ENTRIES PROVIDED:
+ + + + + + +

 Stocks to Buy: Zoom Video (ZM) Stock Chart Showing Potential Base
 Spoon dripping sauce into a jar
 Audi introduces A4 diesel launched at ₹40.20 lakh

+ + + + + + +

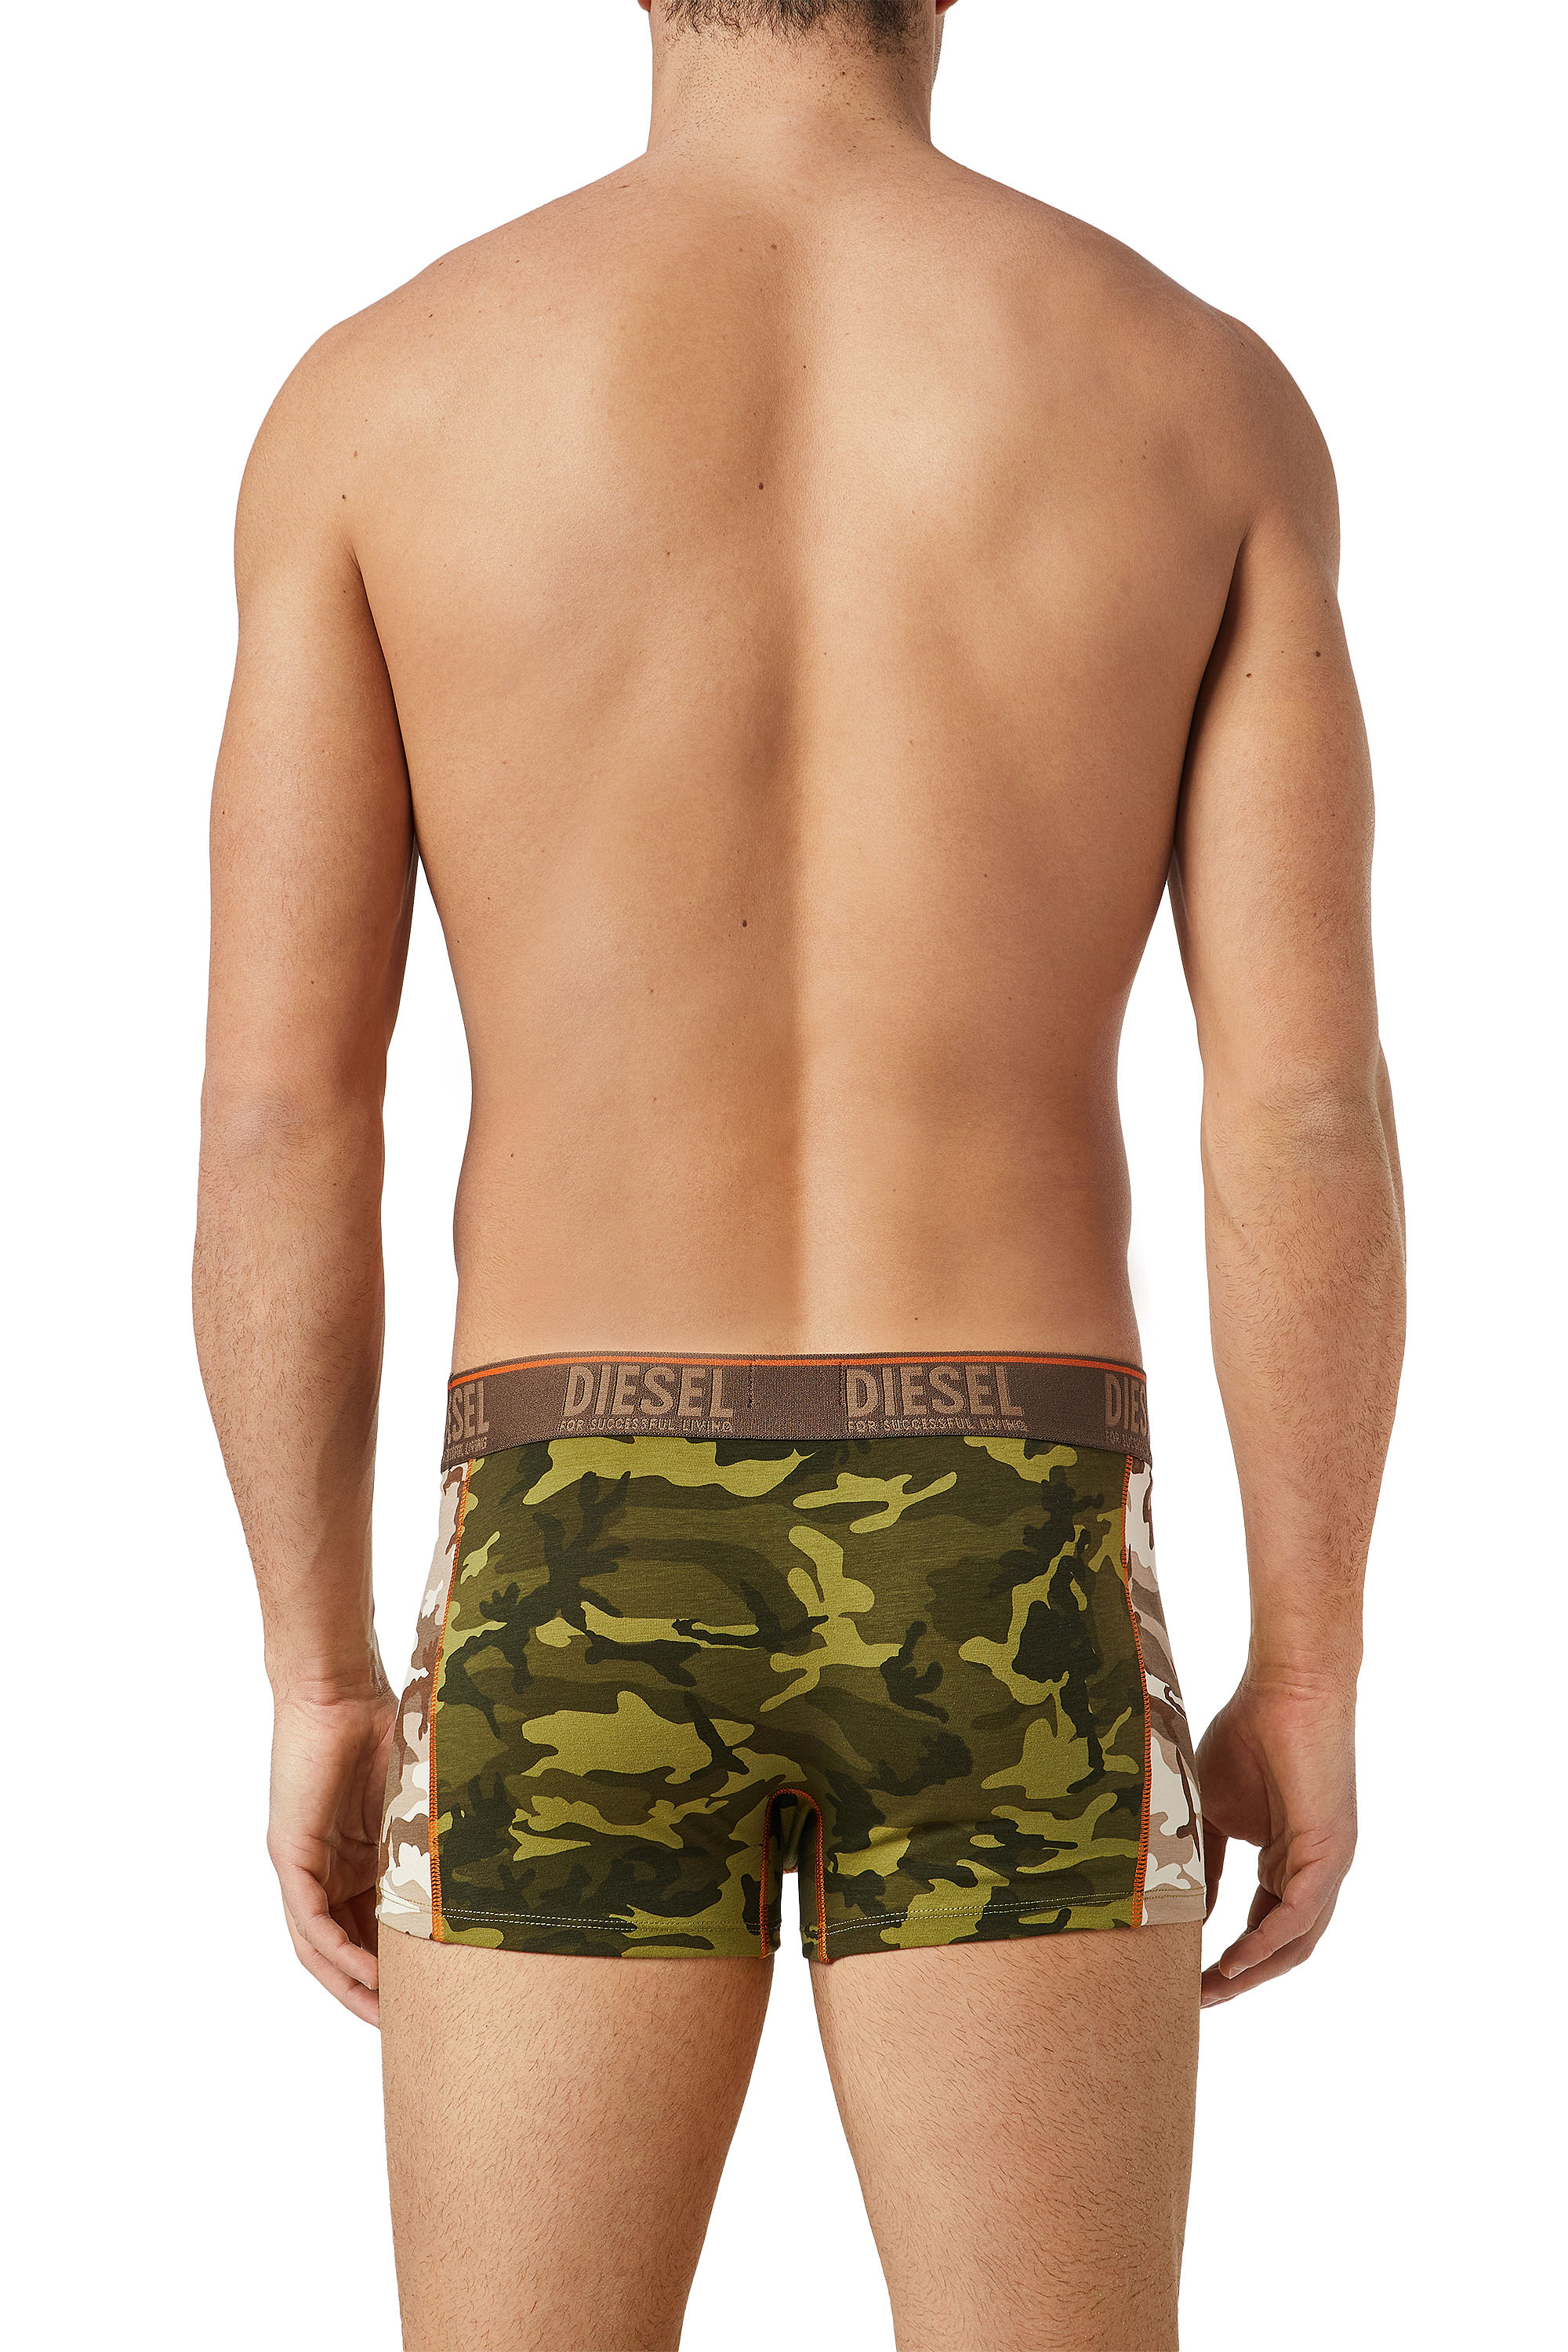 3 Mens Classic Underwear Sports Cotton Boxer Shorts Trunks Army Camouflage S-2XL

+ + + + + + +

ASSIGNMENT: Look in the material above for the line with "Stocks to Buy: Zoom" and the line with "Audi introduces A4", and transcribe exactly those lines and all lines between them, nothing more.

EXPECTED OUTPUT:
 Stocks to Buy: Zoom Video (ZM) Stock Chart Showing Potential Base
 Spoon dripping sauce into a jar
 Audi introduces A4 diesel launched at ₹40.20 lakh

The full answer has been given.